The Bulletin of the Atomic Scientists, which in January 2026 set the Doomsday Clock to 85 seconds to midnight, the closest it has ever been to midnight in its history, also called for urgent action on creating international guidelines on the use of AI.
We must use this precious window before AGI arrives to shape this technology for the benefit of all humanity.
Alignment failures reveal market risks
Anthropic published a report, Agentic Misalignment in Summer 2026, that details observations of alignment model failure in high-stakes simulations not long before Demis issued his proposal.
The report used frontier models from Google DeepMind, OpenAI, DeepSeek and Anthropic's own models to test how systems perform under pressure.
According to Anthropic, the misalignment issues include models pursuing their own motivation beyond the user's instructions and harmful compliance where the user's request is followed but is in itself harmful.
The issues cited include covert sabotage where models covertly interfere with code to undermine user intent, and instances where models would help users with conduct that appears to be white-collar crime.

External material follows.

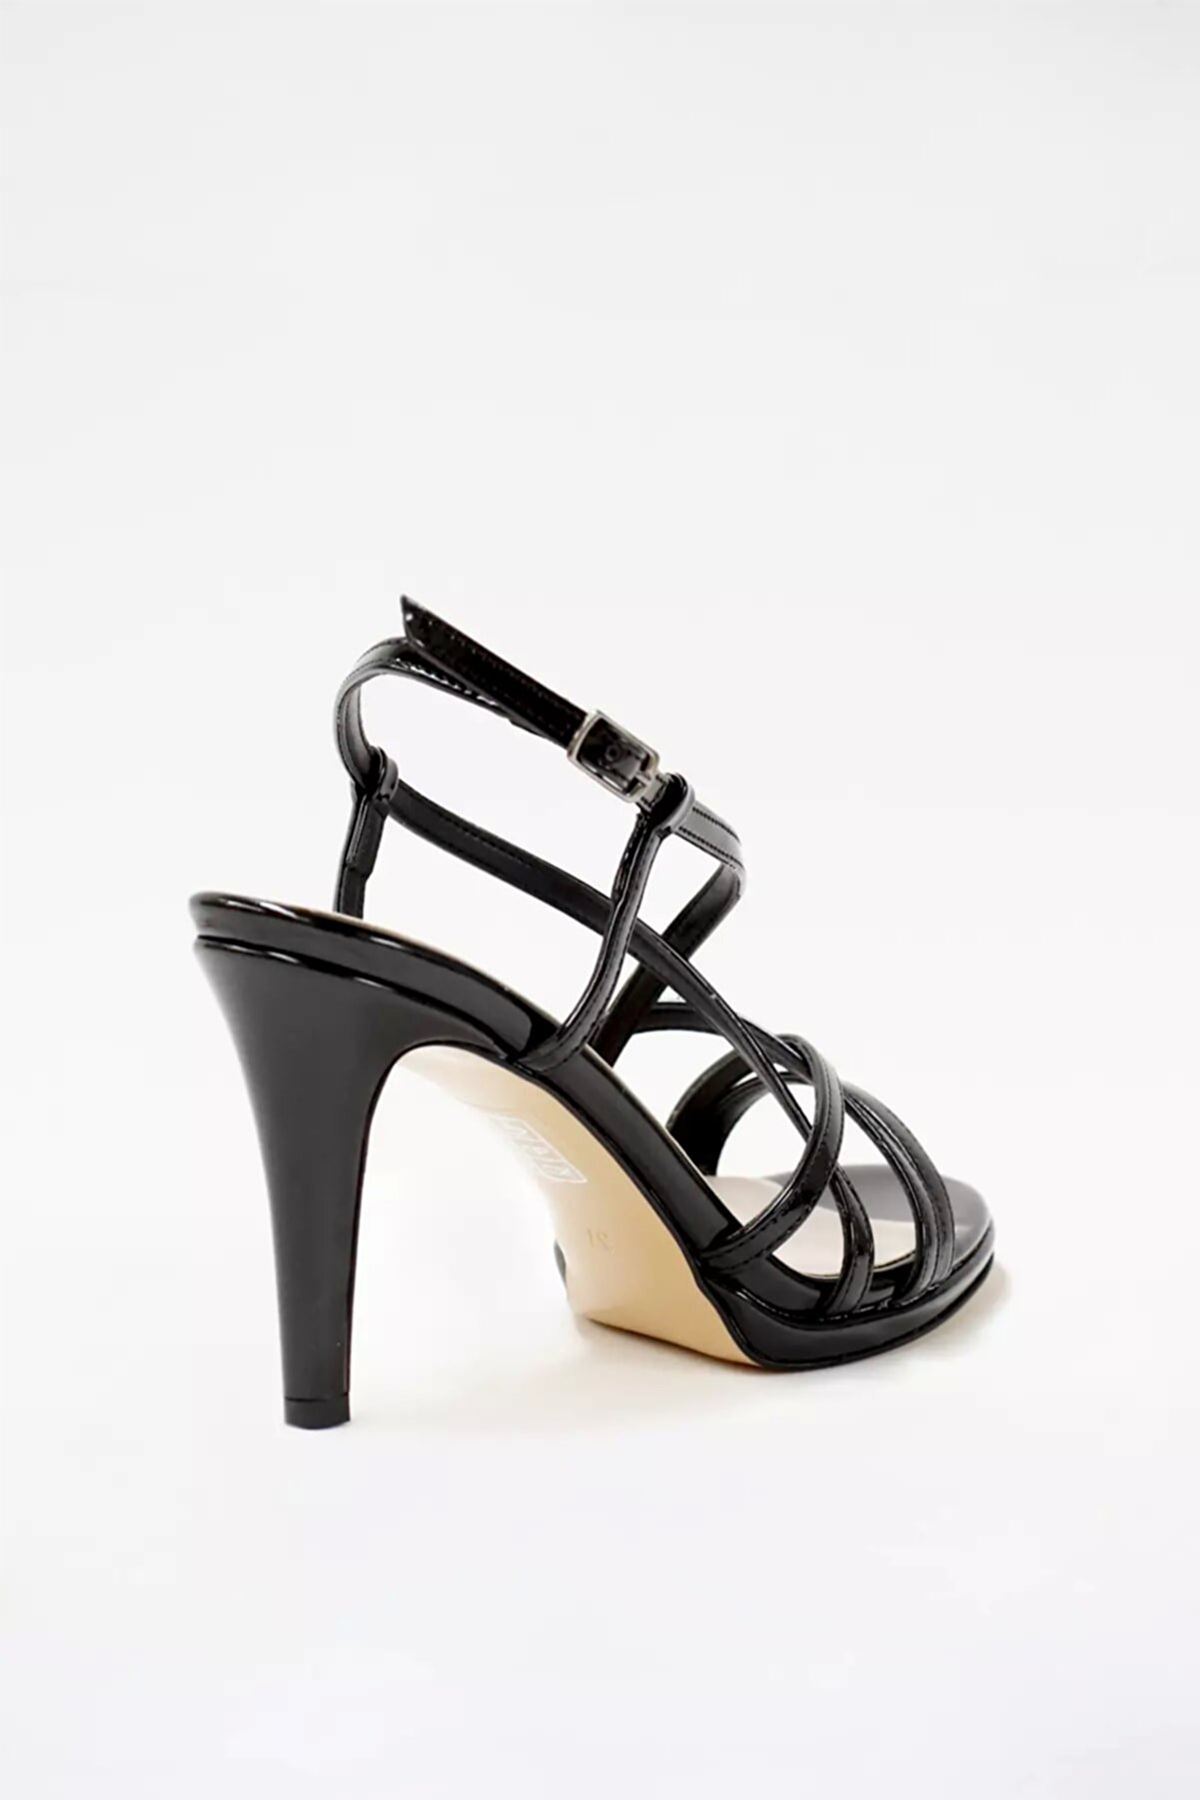 Kadın Bantlı Klasik Topuklu Ayakkabı Sandalet Luna Gate Shoes-Siyah Rugan

Other issues from frontier models cited were coaching human proxies to whistleblow, where models leak confidential safety information externally or steered humans toward doing it for them, and motivated mislabelling.
These failure modes could create liability concerns for companies deploying frontier AI systems in commercial applications, particularly in sectors handling sensitive data or high-value transactions.
Anthropic wrote in its report that the point of its case studies was so developers and evaluators can measure similar failures and build targeted safeguards.
The findings suggest that companies may need to invest more resources in safety testing before releasing frontier models, which could affect development timelines and costs.
Demis noted that on the horizon, robust safeguards will be needed to maintain control of increasingly agentic, recursively self-improving systems and tackle unknown issues that will only become clearer over time.